Hungary, which has eased migration rules, has seen more than 225,000 arrivals, a number that exceeds 2% of the country’s population. NGOs are filling the gap amid criticism Orban’s government has been slow to offer support.
Poland’s Prime Minister Mateusz Morawiecki has said the 27-member bloc will confront a choice to systematically resolve the issue — calling it a test of Europe’s “moral strength.” Officials in Warsaw are standing by their rejection of bloc-wide distribution and focusing on financial assistance.
European Commission President Ursula von der Leyen this month announced a “first tranche” of €500 million ($551 million) to help address the crisis.
While eastern nations are confronting the initial wave, they won’t likely carry the whole burden. Germany’s Interior Minister Nancy Faeser said Friday that more than 110,000 refugees had arrived so far and expects more to follow.
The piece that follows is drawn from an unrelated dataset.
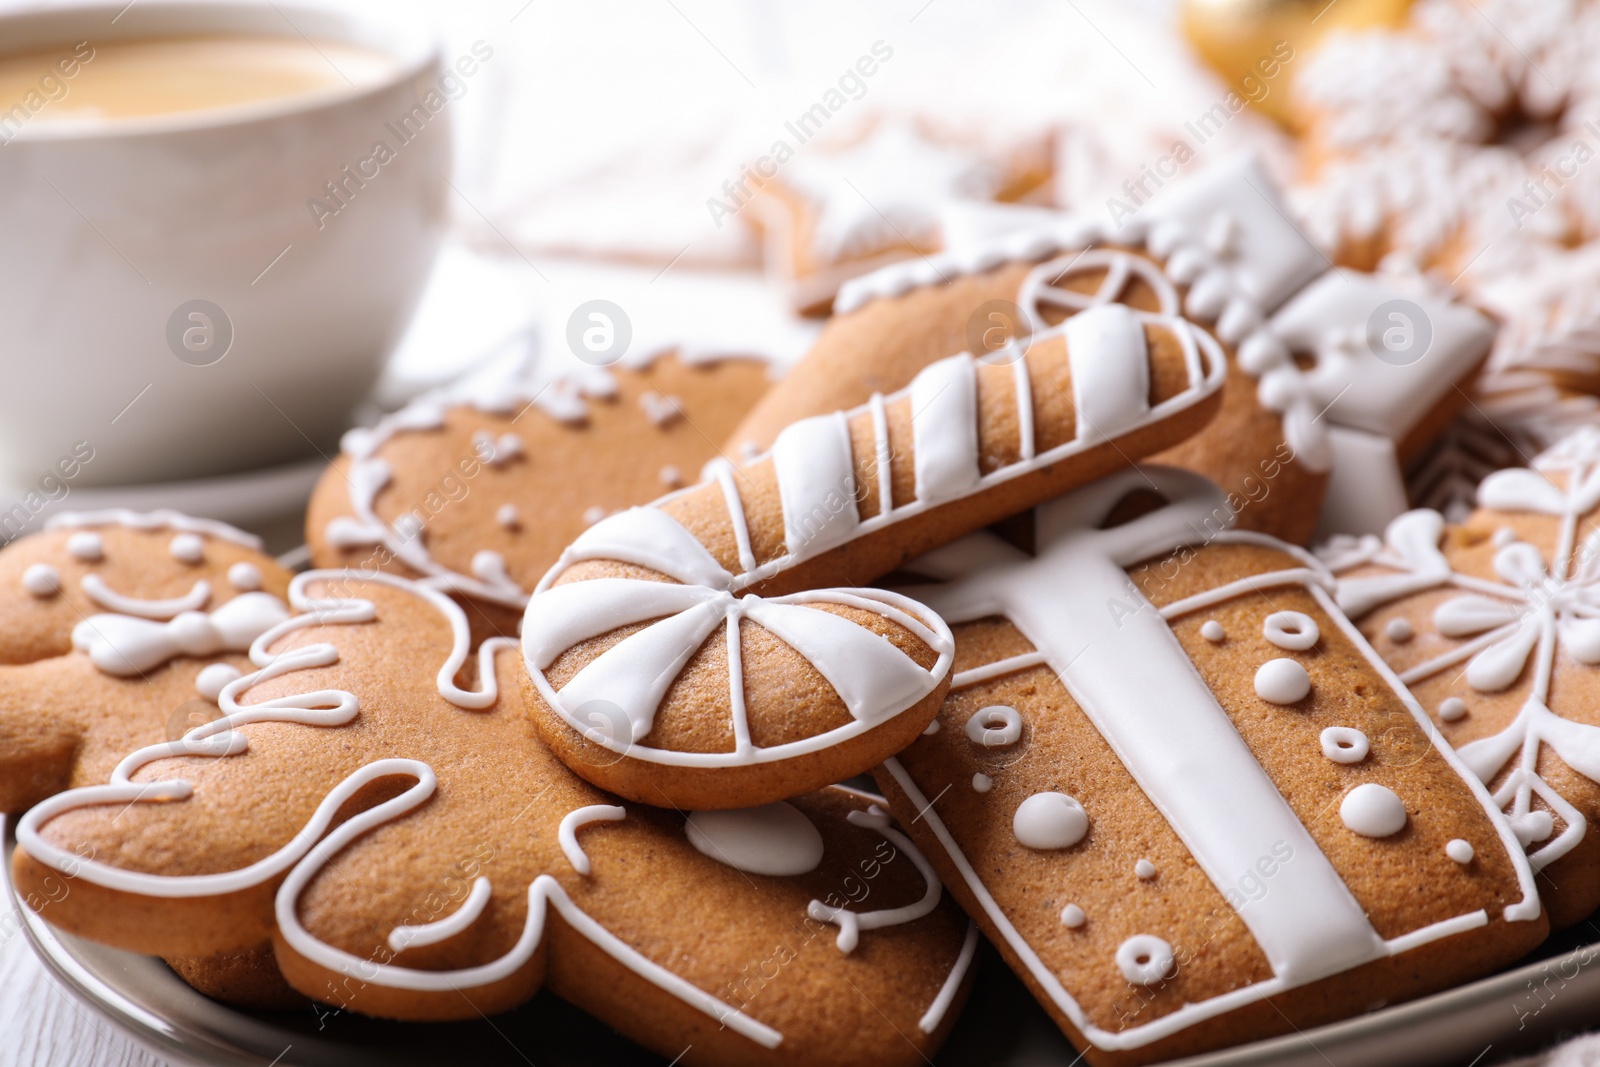 Photo of Delicious Christmas cookies on plate, closeup view

At the Warsaw Expo, buses and minibuses with German plates were picking up groups from the industrial-sized venue this week. A Ukrainian migrant who identified himself only as Vitalij said he arrived already in January and might go west as the numbers climbed.
“It may be scary if all these people try to settle,” said Vitalij, who joined a group helping arrivals by bus. “There won’t be enough schools, clinics. So I’m thinking about moving to Germany with my kids before it’s too late.”